Atelier Éclairage TDMA

Des universités clandestines bahaïes en Iran

Divague et Le Tour du Monde de l’Actu vous racontent cette semaine l’histoire de la religion bahaïe, ou plutôt celle de ses croyants. En tant que non-musulmans, ils sont dans l’obligation d’étudier dans des universités clandestines. Etablis depuis près de 150 ans en Iran, les Bahaïs ont du mal à se voir reconnus et respectés par le régime.

Des Bahaïs présents en Iran depuis un petit bout de temps

La religion bahaïe, née en Perse au XIXème siècle, représente aujourd’hui la plus grande minorité non-musulmane en Iran. Mais dans ce pays, on distingue les minorités religieuses en fonction de deux statuts. D’une part, les chrétiens, juifs et zoroastriens sont protégés. Leur sont attribués une certaine liberté de culture ainsi des sièges au Parlement. D’une part, certains cultes sont considérés comme « apostasies », c’est-à-dire sans liberté religieuse. Vous vous en doutez… Le bahaïsme est à replacer dans le second cas.

 

Une sélection à l’université sur la base de critères religieux

Comment étudie-t-on lorsque la sélection d’entrée à l’université fonctionne notamment sur la base de critères religieux ? Pour les Bahais, ce n’est pas chose facile. En janvier dernier, la BBC s’intéressait au parcours scolaire d’une jeune femme bahaïe. Après une adolescence bousculée à cause de sa foi, elles réside aujourd’hui aux Etats-Unis. C’est à la BIHE : l’institut bahaï d’éducation supérieure, que Mona a étudié, non pas par intérêt mais parce qu’il s’agissait de l’unique moyen d’apprendre en Iran.

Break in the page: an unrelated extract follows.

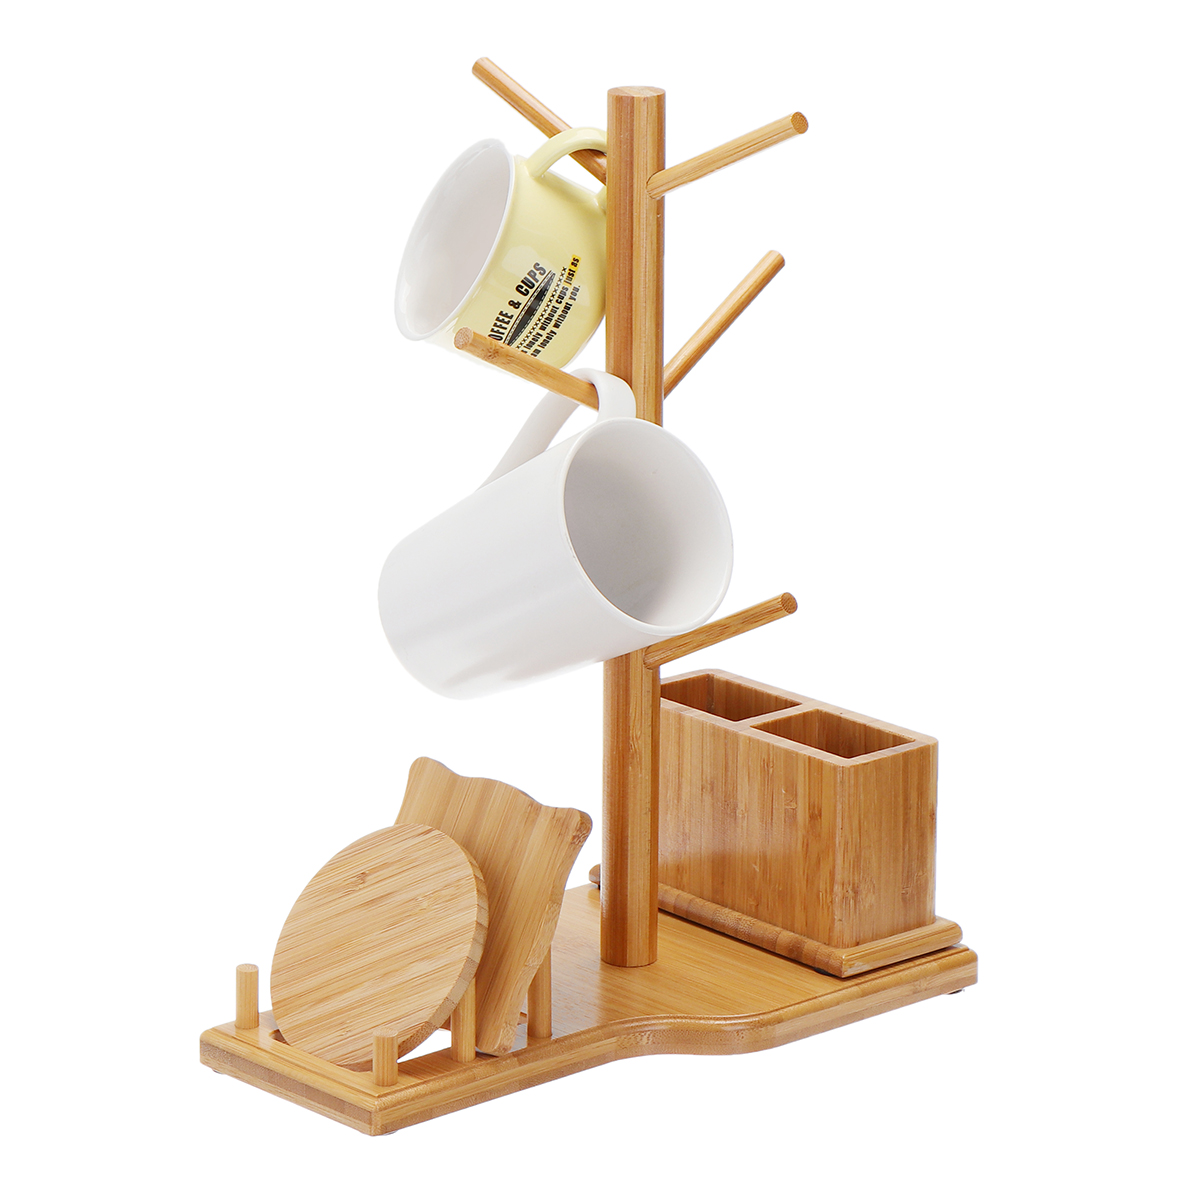 Bamboo-Cup-Mat-Water-Cup-Storage-Rack-Creative-Cup-Organizing-Shelf-Household-Office-Living-Wooden-G-1756070-1

« Quand j’ai passé l’examen d’entrée, j’ai écrit que je n’étais pas musulmane. Il y avait une option « autres », donc je me suis enregistrée en tant qu’ « autre ». Lorsqu’ils m’ont envoyé mes résultats positifs, ils ont précisé que je pouvais m’inscrire et cocher Islam comme religion. Mais dans ma croyance, tu ne dois pas mentir, tu ne dois pas nier ta croyance, donc j’ai dit que je n’étais pas musulmane. Ils m’ont répondu « Ok, bonne chance, tu ne peux pas rentrer à l’université. » »

 

Des universités clandestines pour palier cette inégalité

L’université bahaïe ne propose pas seulement des cours de théologie, mais aussi de chimie, de droits, ou encore d’ingénierie. Elle ressemble jusqu’ici à une université classique… A un détail près. La clandestinité de la BIHE impose un rythme soutenu : les cours se déroulent dans des lieux privés, souvent d’un côté de Téhéran le matin, de l’autre l’après-midi. Certains cours sont dispensés via Skype, d’autres peuvent être interrompus par une descente du régime. Une fois le diplôme en poche, qu’en faire dans un pays où il n’est pas reconnu ? Mona a préféré immigrer pour continuer ses études.

 

Le régime iranien : seul ennemi des Bahaïs

Selon le docteur français Foad Saberan, né à Téhéran : « On est loin d’assister à des assassinats permanents de la part du peuple iranien, on constate que depuis trente ans, seul le Régime islamique tourmente les membres de la communauté bahaïe. »

L’association Iran Press Watch documente les luttes de la communauté bahaïe iranienne pour les droits civils. Elle a récemment rapporté qu’une quinzaine d’étudiants bahaïs ont été renvoyés d’universités iraniennes entre décembre 2016 et janvier 2017.